RTS,S update: the World Health Organization has identified Kenya, Ghana, and Malawi as the three countries to receive the vaccine. This will be the first real-world trial of RTS,S, which was co-developed by GlaxoSmithKline and PATH. It will include 750,000 children between the ages of five and 17 months who will receive either a placebo or four doses of the vaccine. (via BBC)

MACEPA Director Rick Steketee and Thom Eisle from Tulane co-authored an editorial for the Population Services International (PSI)-led ACT Watch series in Malaria Journal. The series is focused on looking at issues with access to diagnostics and treatment (specifically ACTs) for malaria.

Nigerian malaria researcher and Aspen Institute New Voices fellow, Ify Aniebo, writes a powerful piece in the Huffington Post about the need for more malaria research coming from within the African continent. Specifically, she calls for direct investment to improve scientific capacity in Africa and encourage entry into STEM fields. 

Google has joined forces with the Bill & Melinda Gates Foundation and the Clinton Health Access Initiative for a project called DiSARM that uses machine learning to map malaria with Google Earth. The project combines satellite imagery from Google, and information about weather and elevation, with locations of malaria cases in order to determine areas most at risk. (via Fortune)

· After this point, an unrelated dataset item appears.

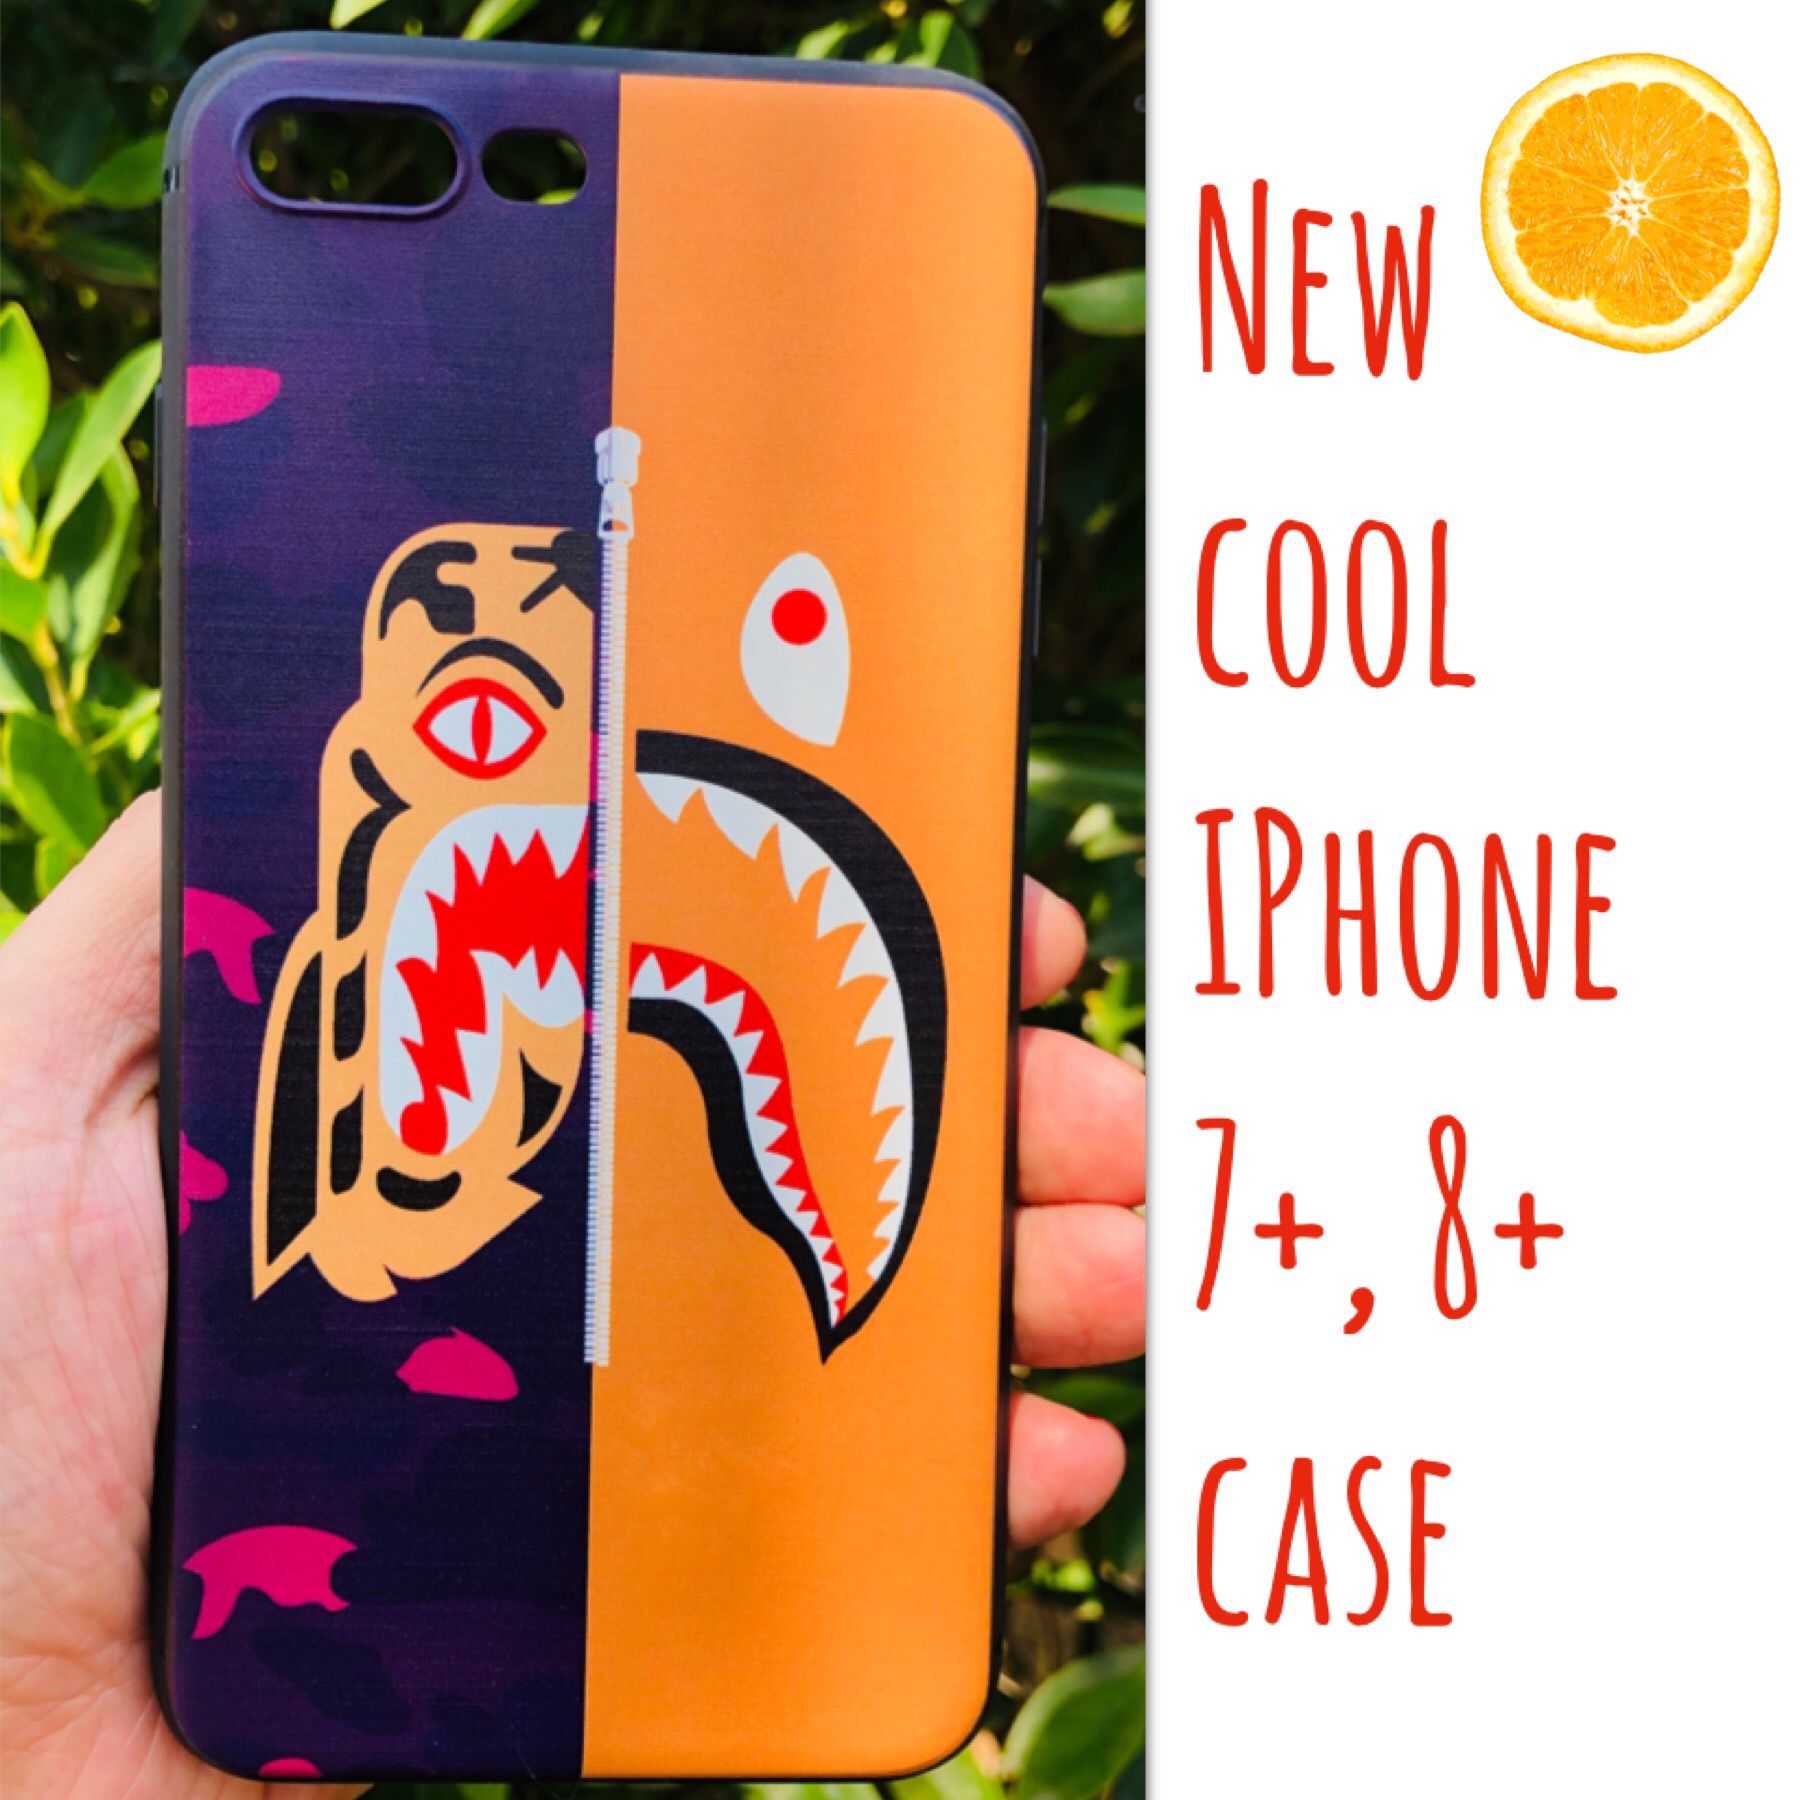 New cool iphone 7+ or iphone 8+ PLUS case rubber bape aape wgm shark hypebeast hype swag men’s women’s

Other reads from World Malaria Day include (but are not limited to): 

  • On the CDC blog Our Global VoicesPatrick Kachur, chief of the malaria branch, shares an optimistic outlook on malaria eradication. 
  • How is climate change impacting mosquito populations and mosquito-borne diseases? Read the piece in the New York Times magazine.
  • NPR’s goats and soda reports on a new study that finds that, despite being eliminated in the US in the 1950s, malaria cases are still showing up at hospitals across the country.
  • Global Health Corps fellows at PATH Chipasha Mwansa and Stacey Naggiar share their perspectives on eliminating malaria through the lens of their different roles in data surveillance and communications with MACEPA. (via Amplify / Medium

And Bill Brieger commemorates the 17th anniversary of a day devoted to malaria (started in 2001) with a blog on Malaria Matters about the various themes and successes in years past.